А в пещере всё. Оружие, еда, одежда. Я спрашивала: «И пирожные?»

Я почти не помнила, что это такое, помнила только, как это нестерпимо вкусно — что-то мокрое, гладкое, облитое коричневым кремом. И ты говорил: «Сколько угодно». Мы искали эту пещеру все лето, и я верила тебе. И Стасик тоже верил. Потом… — лицо ее потемнело, и она замолчала.

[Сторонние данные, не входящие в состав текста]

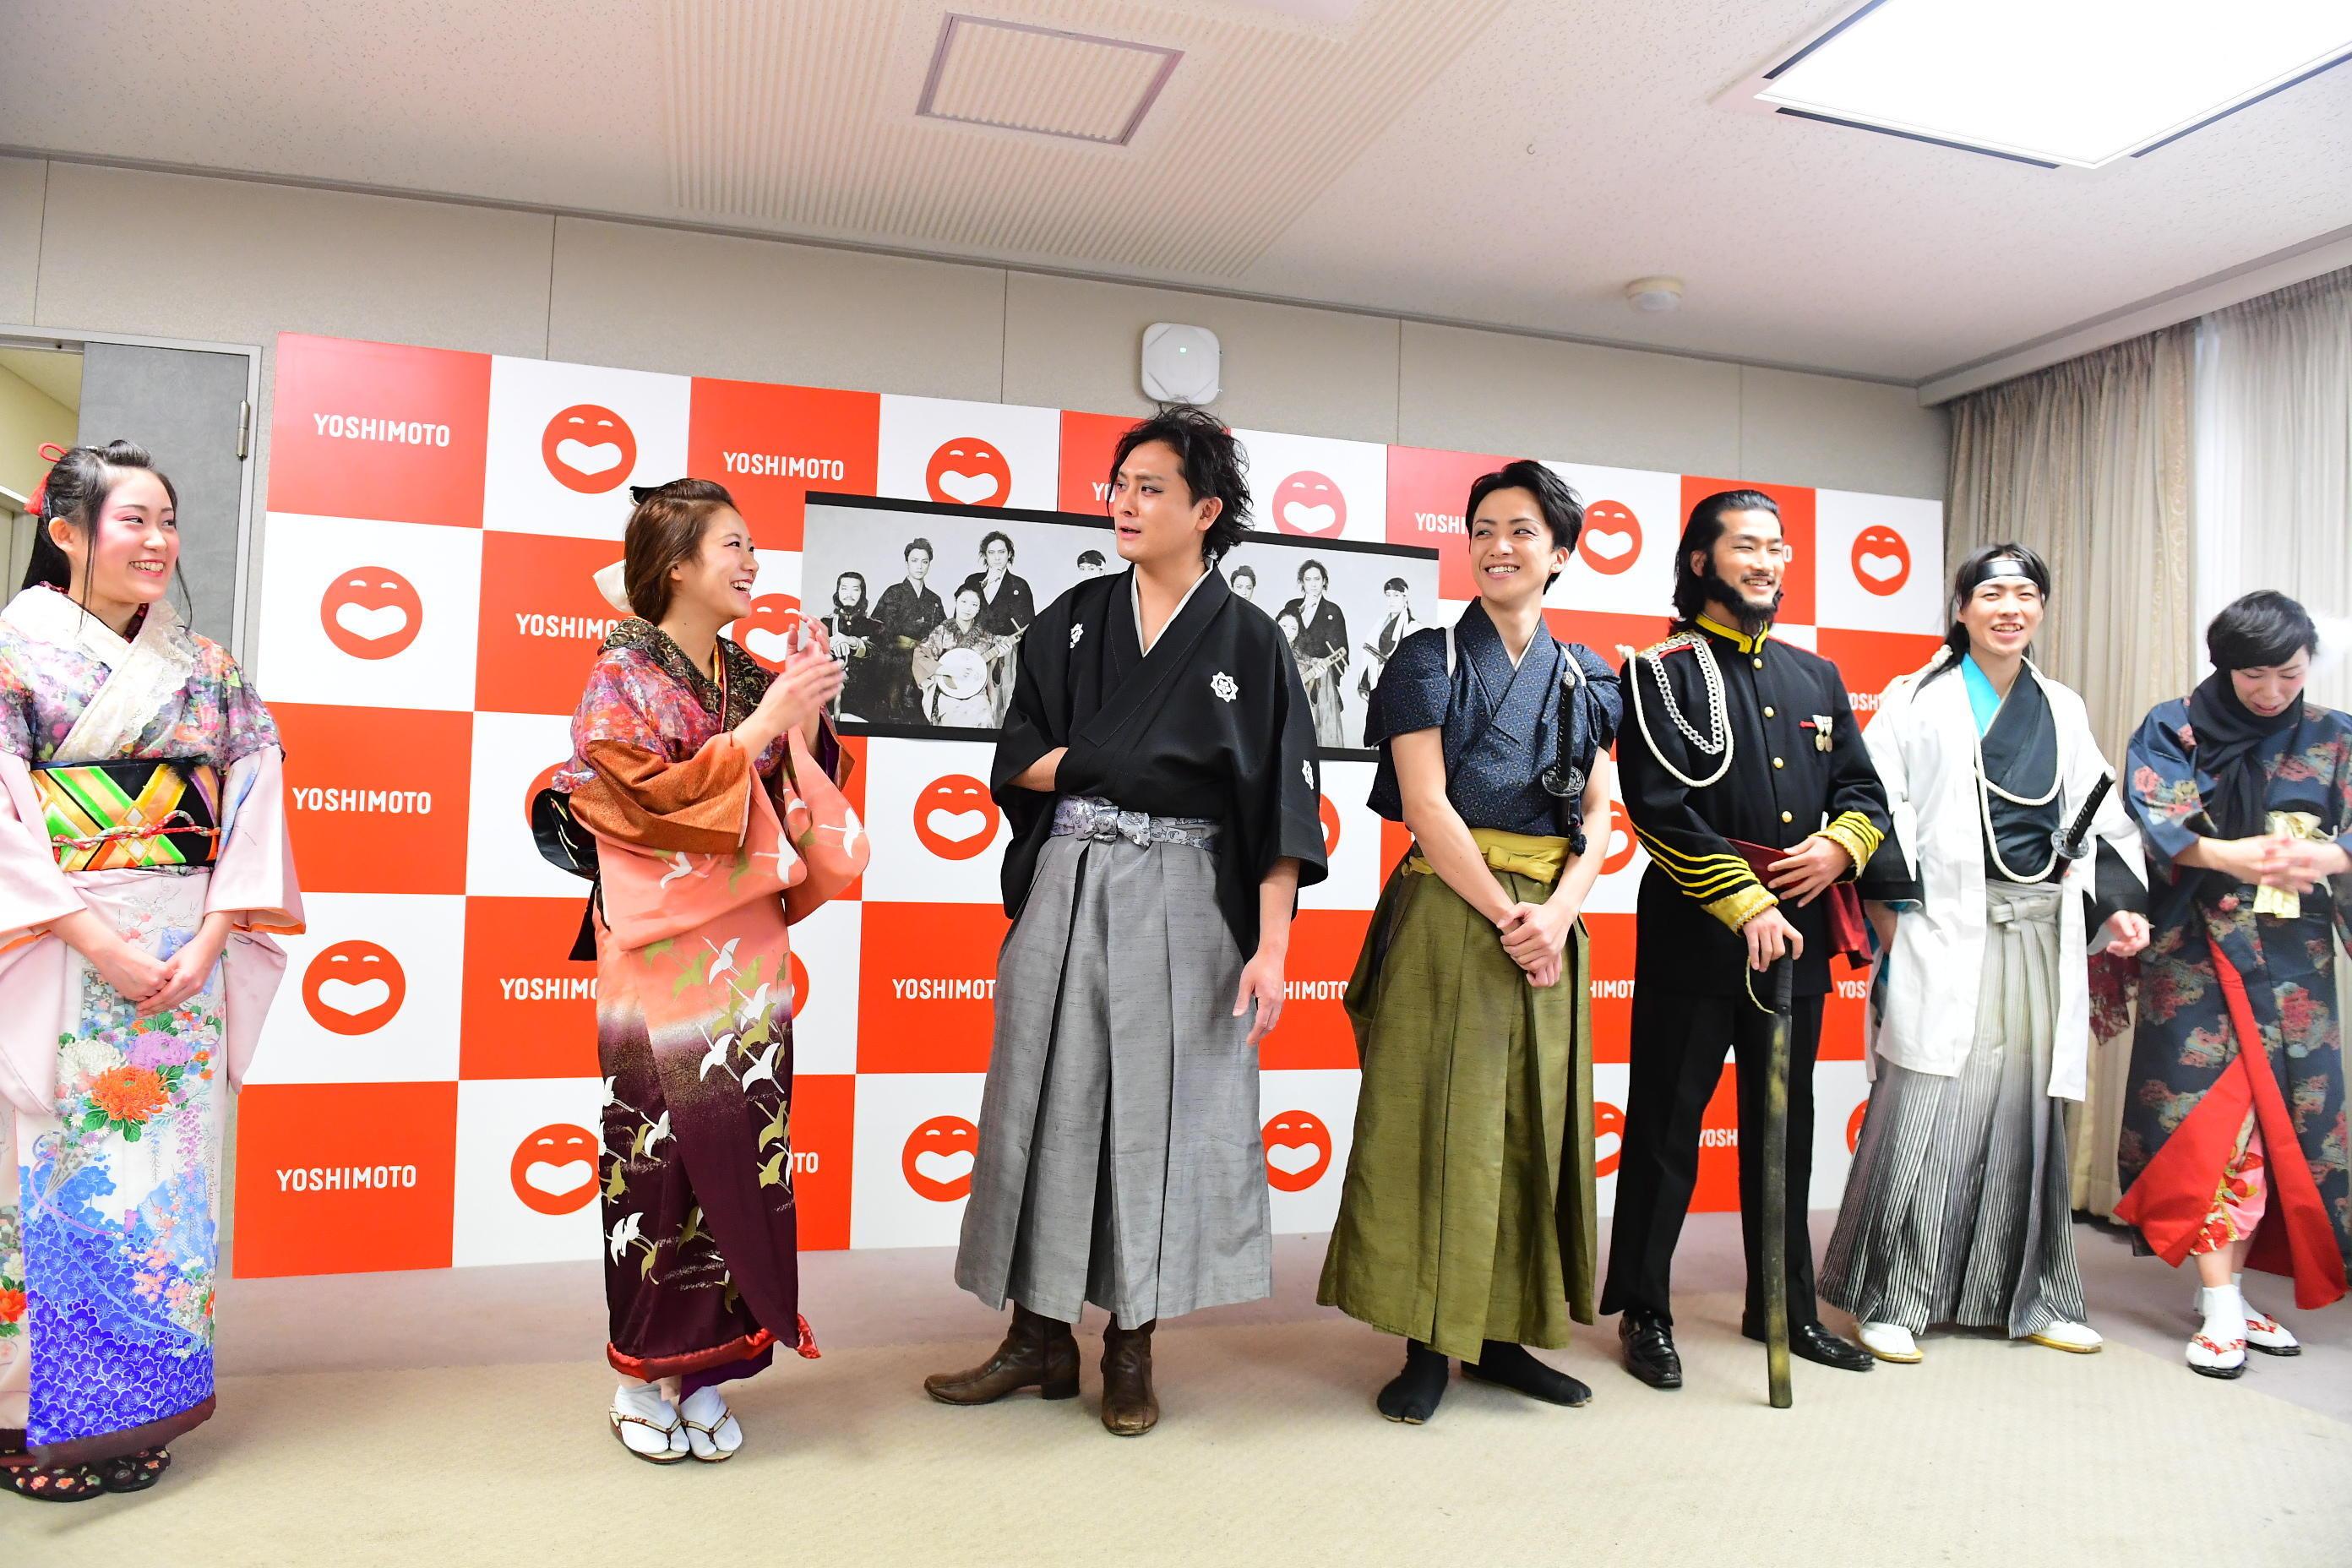 http://news.yoshimoto.co.jp/20170223194052-4bb3fd984808fee102e29387b0f7efa6ab780d3a.jpg
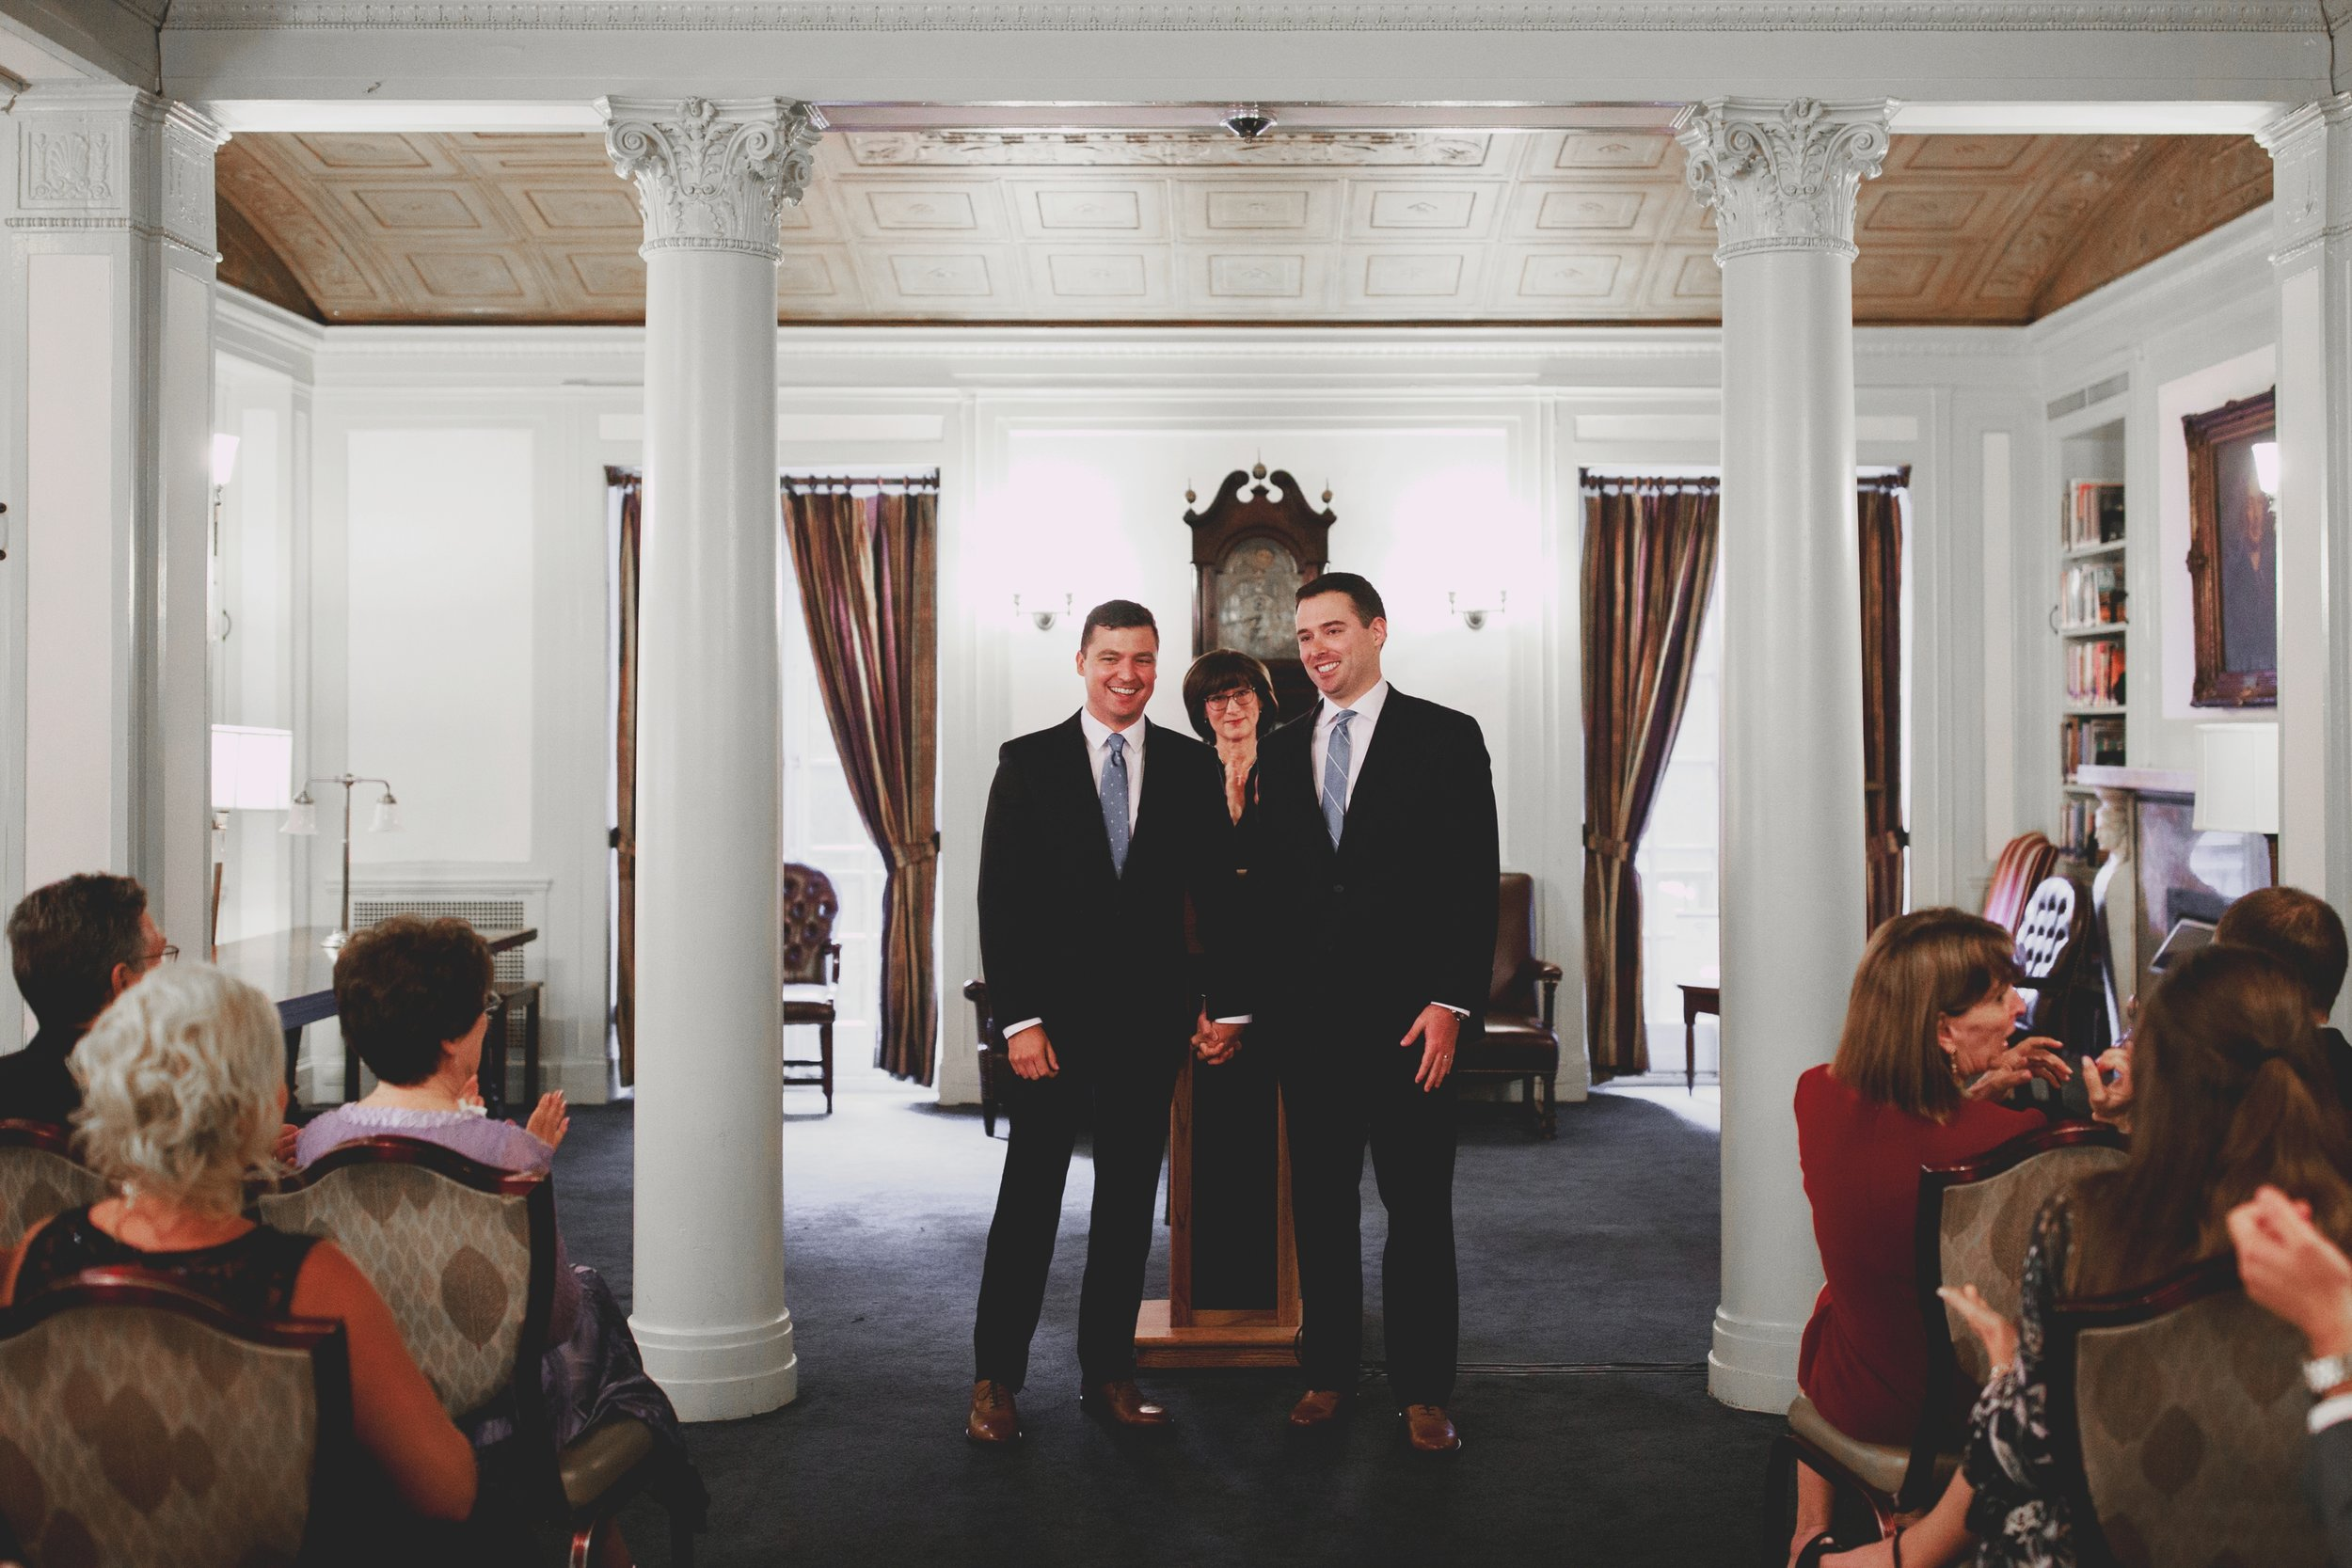 amanda_vanvels_new_york_lgbtq_gay_wedding_068.jpg

Но я, я-то знал, что было потом.

Я никогда не вспоминал это. Все началось из-за мальчишек дома 3 по Челюскинской. Мы враждовали с ними, и они терроризировали нас: ловили и пытали, привязывали к дереву и щекотали — изощренные были ребята. Но все было ничего, пока среди них не появились те двое — Табун и Пастух. Все было игрой, пока не появились они. Табун был маленький и рыжий, он не выговаривал букву «р» и давно нигде не учился. На наших глазах они отняли портфель у Инги, новенький портфель, а мы стояли за забором и кусали губы от бессилия. Когда родители Инги подняли переполох и стали искать виновников налета, мы со Стаськой рассказали, где их можно найти. Табуна отправили в милицию и хотели даже забрать в колонию, но почему-то не забрали.

Я не знаю как, но он все же догадался, что на него указали мы, и обещал придушить нас при первом же удобном случае.

Мы долго скрывались и не ходили по Челюскинской, хотя по ней надо было ходить в школу и в столовую. Но однажды я возвращался из кино и, потрясенный картиной, незаметно забрел на страшную улицу.

Через несколько минут я уже стоял в кольце врагов.

— Ты? — почти шепотом спросил Табун, поднимая острый сухой кулачок над моим лицом.

И сразу все потекло, уши заложило ватой, и во рту стало липко и погано. Потом я лежал на земле, и всюду были удары, а я полз к забору, закрывая лицо руками. И когда я увидел сквозь слезы ногу Табуна над своим лицом, я закричал, не помня себя: «За что? Ведь не я один… Ведь это все он, Стась!»

Я помню, как мгновенно наступила тишина, и захлебывающимся голосом я рассказал, что выдал их Стась, что я тут ни при чем, что пусть с ним они и разговаривают. И случилось самое страшное — мне поверили. Меня отпустили.

Марина пристально смотрела на меня.

— Мы больше не верили тебе. Пещеры не было, конечно. Стасику сломали руку, и он ходил бледный и очень гордый своей черной повязкой. Я даже влюбилась в него тогда…

Мы молча ели арбуз, и когда от него остались одни только корки, она снова принялась вспоминать и все вспоминала, вспоминала… И вслед за ней вспоминал я, и все происходившее когда-то открывалось мне в новом свете, освещенное новым воспоминанием, которое еще не приходило, но уже присутствовало здесь, в комнате, и от него было не откупиться ложью.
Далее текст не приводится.